Man Without Qualities

Wednesday, August 24, 2005

No (Coherent) Limits

The Wall Street Journal reports:
In a book slated for release next month, Justice Breyer -- among the more liberal members of the court -- gives a detailed insight into his philosophy of deciding cases, namely that the Constitution should be viewed in light of its overarching goal, which he sees as creating a participatory, democratic society. In the process, he offers a rejoinder to a longtime intellectual opponent, Justice Antonin Scalia, who advocates "originalism," or a more literal interpretation of the Constitution's meaning at the time of its writing. ... Justice Breyer's "Active Liberty" contends that judges can undercut the democratic system the Constitution's Framers sought to build if they adhere too literally to legal text and disregard the "real world" consequences of the decisions they render.

Doesn't that sound nice? I'm so anxious to read Justice Breyer's book, because he sounds like a man who really wants to get big things done right now.

And nothing could be more consistent with creating a participatory, democratic society than creating a United States Senate whose Senators are allocated among the states in proportion to their populations! Allocating just two Senators to both California (population about 35 million) and Wyoming (population under 1/2 million) is utterly inconsistent with creating a participatory, democratic society, since under the present system each Wyoming voter has seventy times as much representation in the Senate as does each California voter.

So it's clear as crystal that Justice Breyer's "living Constitution" approach must lead him to strike down the old, nasty "originalist" allocation of just two Senators to each state. He might argue in his sweeping and historic decision that the "originalist" allocation is inconsistent with, say, the "due process clause" of the Fifth Amendment. That is, he might argue that if he feels the need to cite any particular clause in the Constitution at all. The Fifth Amendment was enacted after the original Senate allocation, so why not just argue that the Fifth Amendment has evolved so that it is now just not right (we have to create that participatory democracy!) to preserve the original allocation? Why, for the Court to uphold the "originalist" allocation would adhere too literally to legal text and disregard the "real world" consequences of the decisions they render. That's essentially how, in its famous "one person, one vote" holdings, the Court justified striking down the "little federal" systems of the states that allocated state legislative representation with mechanisms other than simple population (the Court mostly cited the 14th amendment in those cases, but various "incorporation doctrine" holding mean there's no real difference between applicable 5th and 14th amendment principles now). Of course, citing to such Constitutional "clauses" is just a remnant of "originalism" anyway. Why should the progressive Supreme Court Justice on the go care about some bit of ink on some old paper, when he can construe the Constitution by turning to the internet to survey the hip, happening world of European legal developments, as Justice Breyer also likes to do?

The Court's prior more radical revisions of the Constitution have often been met by conservative outcries that such changes should only be made through amendment of the Constitution (or amendment of the appropriate state constitution), not Supreme Court fiat. For example, this argument was broadly advanced following the Court's "one-person, one vote" decisions.

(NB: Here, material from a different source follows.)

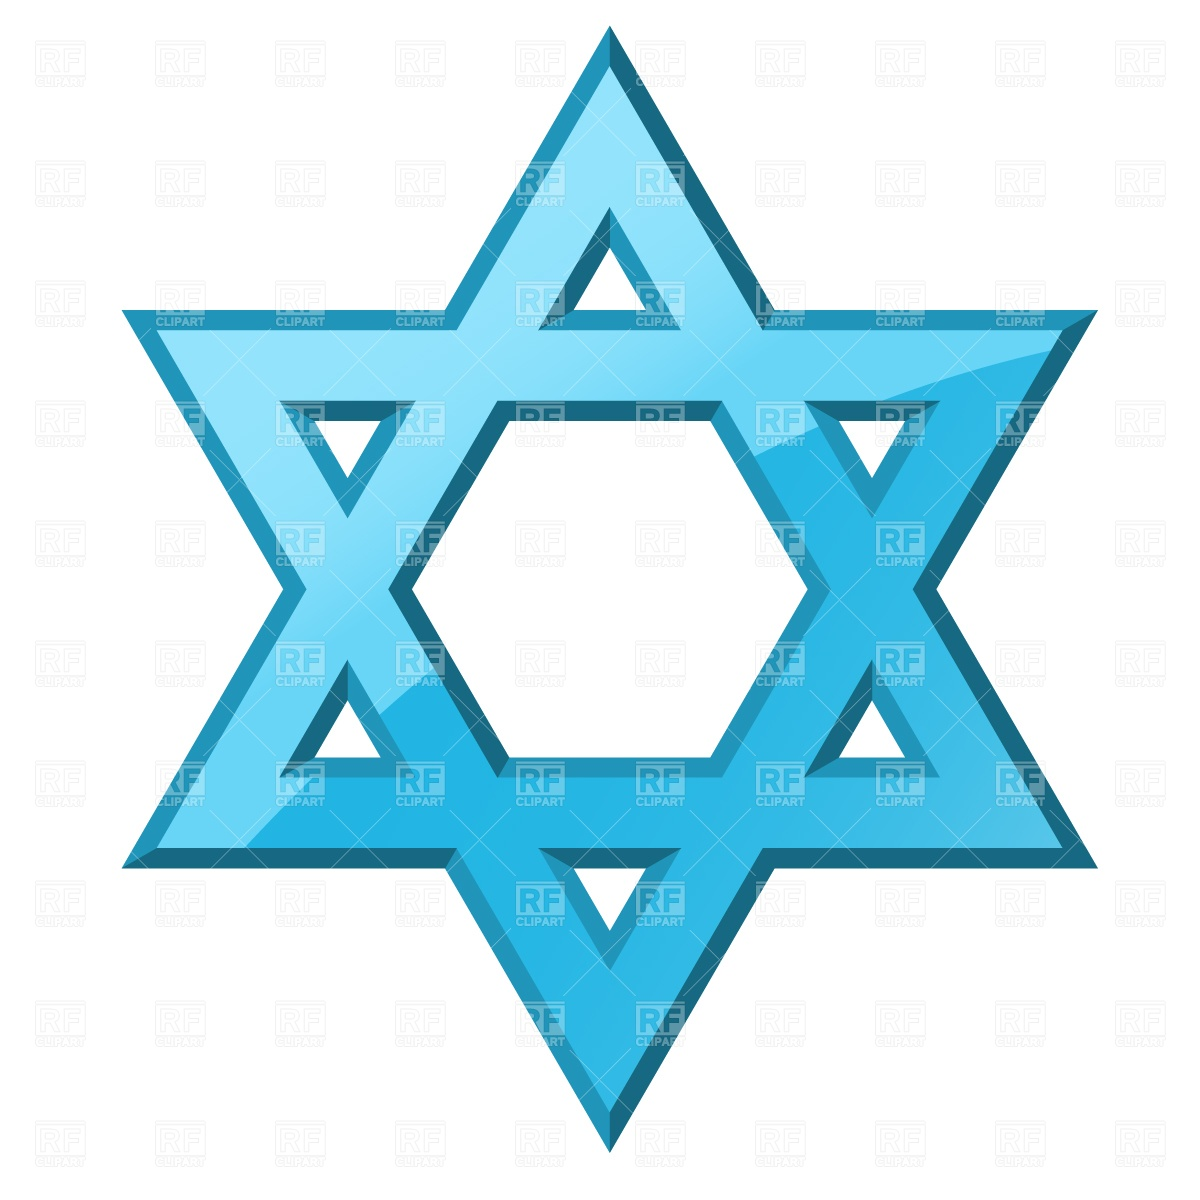 jewish star clipart panda free clipart images rh clipartpanda com Jewish Star Clip Art for Tweets Bar Mitzvah Clip Art
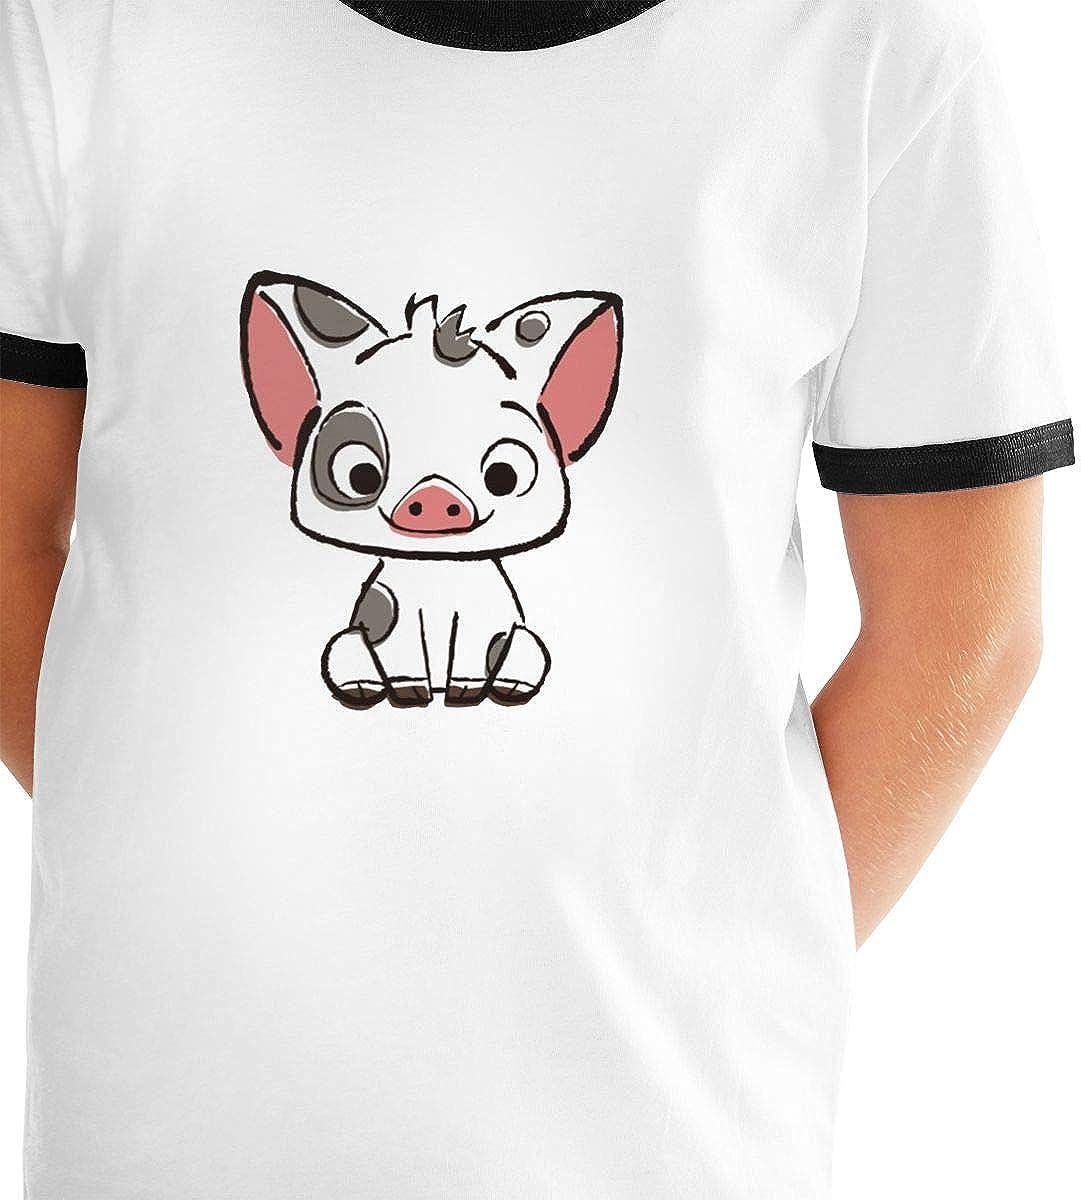 Kids Or Little Boys and Girls Richard Moana Pua The Pot Bellied Pig Unisex Childrens Short Sleeve T-Shirt

But many Court supporters then countered (and still argue) that the Court's "one person, one vote" holdings were made all the more urgent because the state constitutions made such amendments so difficult. Article V of the original Constitution - the article that sets out the amendment process - specifically provides that no state, without its consent, shall be deprived of its equal suffrage in the Senate. So a believer in a "living Constitution" such as Justice Breyer can only consider the Article V prohibition as establishing an even greater urgency that the Supreme Court act decisively by reapportioning the United States Senate. That Article V expressly prohibits such actions through the amendment process should be no restriction on such Supreme Court action, any more than any the "original meaning" of any other clause in the Constitution should restrain (or, in recent years, has restrained) the growth - some might say "metastasis" - of Justice Breyer's style of tumorous "living Constitution." And, anyway, the Court and supporters of its more radical actions - such as the "one person, one vote" cases - always maintain that those cases don't amend the Constitution at all, they just embody the Constitution's living, growing nature. So Article V doesn't apply - and it would be no bar to a Court-order reapportionment of the Senate, at least to any Justices who see the Constitution as creating a participatory, democratic society, who refuse to undercut the democratic system the Constitution's Framers sought to build if they adhere too literally to legal text and disregard the "real world" consequences of the decisions they render.

Yep, I can hardly wait to read "Active Liberty." There's always the chance that the Wall Street Journal misunderstood which document Justice Breyer is construing in his book. It was the Port Huron Statement (1962) of the Students for a Democratic Society, not the Constitution, that presented a vision of a movement to establish “participatory democracy.” Some might say that there was lots of "Active Liberty" in that group - although "Active License" better carries the meaning.